Seven Reasons to Fly Your Banner High

The Aquarium of Western Australia in Perth has a banner at the building entry to attract attention.

The Aquarium of Western Australia in Perth has a banner at the building entry to attract attention.

I try to photograph interpretive media wherever we travel to serve as an idea file. In recent years I’ve seen some really creative uses of banners at varied sites, but especially at zoos and aquariums.

 

Banners are usually long strips of fabric or weatherproof vinyl with a verbal or visual message. As interpretive media they offer some unique qualities that may make them a better choice than a sign or exhibit or maybe to use in conjunction with signs and exhibits. Here are five reasons to consider using banners as a media choice at your location:

 

  1. Attention Grabber – A well-designed banner can brighten up an entryway or building exterior as an ad or teaser. Photos of highlights on the property often serve to entice someone to enter even better than words or descriptions. They create a festive look to a trail or large building interior that gets your attention.

 

Street banners in Monterey, California, remind you of the Steinbeck characters from Cannery Row.

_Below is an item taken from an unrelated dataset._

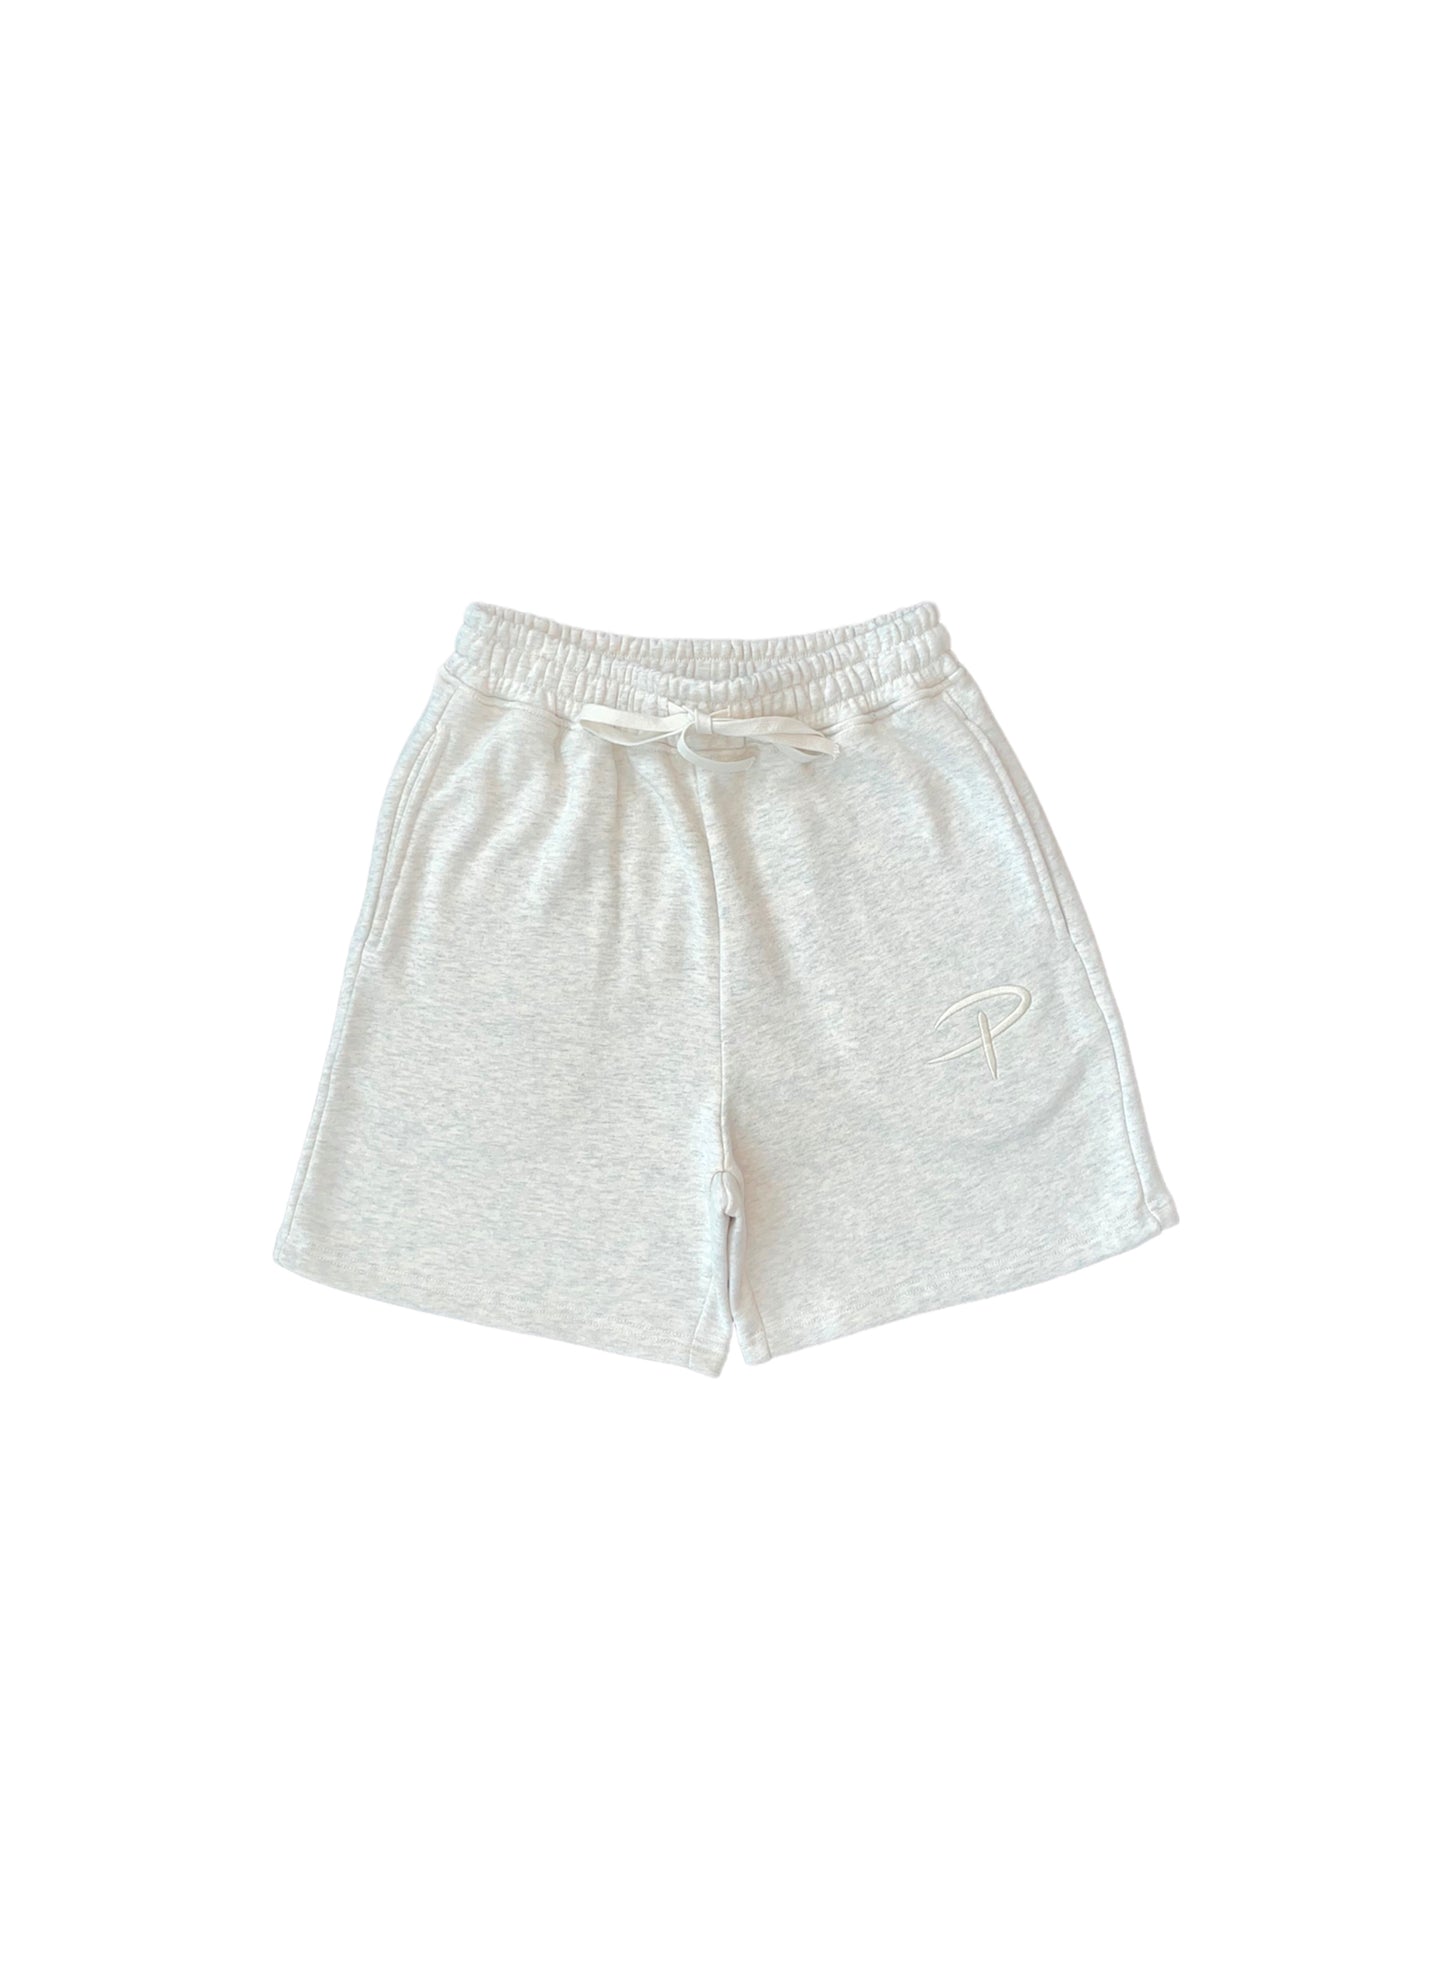 Monochrome Shorts (Grey)

Street banners in Monterey, California, remind you of the Steinbeck characters from Cannery Row.

  1. Wayfinding and Thematic Connectors – A distinctive banner can be used to mark a path or road and connect physically separated features into a thematic trail. Sub-themes can be designated with the banners by changing colors, or by using a different graphic or word while maintaining the general look to tie everything together.

 

  1. Sense of Place or Time Marker – A banner can be used to identify an event or person with a specific place or date. Intangible stories can be identified with the setting where they occurred, inviting curious guests to learn more. A banner that tells me I am standing where President Washington once stood or a peace treaty was signed can be a powerful attraction. While a sign might do the same thing, a banner’s movement may be more eye-catching.
Monterey Bay Aquarium has colorful banners that emphasize their themes of Explore, Discover and Act.

Monterey Bay Aquarium has colorful banners that emphasize their themes of Explore, Discover and Act.

 

  1. Branding – The organizational logo on banners throughout a property can reinforce the brand and make your boundaries clear, especially if your site merges with that of some other organization.

 

  1. Messages – Use of a thematic message on banners may make it more memorable through repetition. It might have to be a word or phrase that more telegraphically delivers the message than you would use on an exhibit.

 

  1. Use of Space – Often banners can be placed higher than regular signs or exhibits, using space that cannot be used for more detailed messages or graphics. The effect can be beautiful if the banners are professionally designed and produced.

 

  1. Cost – Banners have likely been around since there’s been cloth. Some of the new methods of transfer of digital images to fabrics make it easier and less expensive to generate banners than ever before.

 

At Cleveland Metroparks Zoo, one banner provides the branding and the other helps you identify the exhibit's theme.

At Cleveland Metroparks Zoo, one banner provides the branding and the other helps you identify the exhibit’s theme.

Because fabrics may be more fragile or may fade in direct sun, you may need to consider the longevity you require before deciding on materials. Fabric banners may work better for short duration, while vinyl might be needed for longer terms (over the course of a summer season, for example). Funding for replacement or changes when needed will have to part of the decision-making process when determining whether banners are the right medium for your site.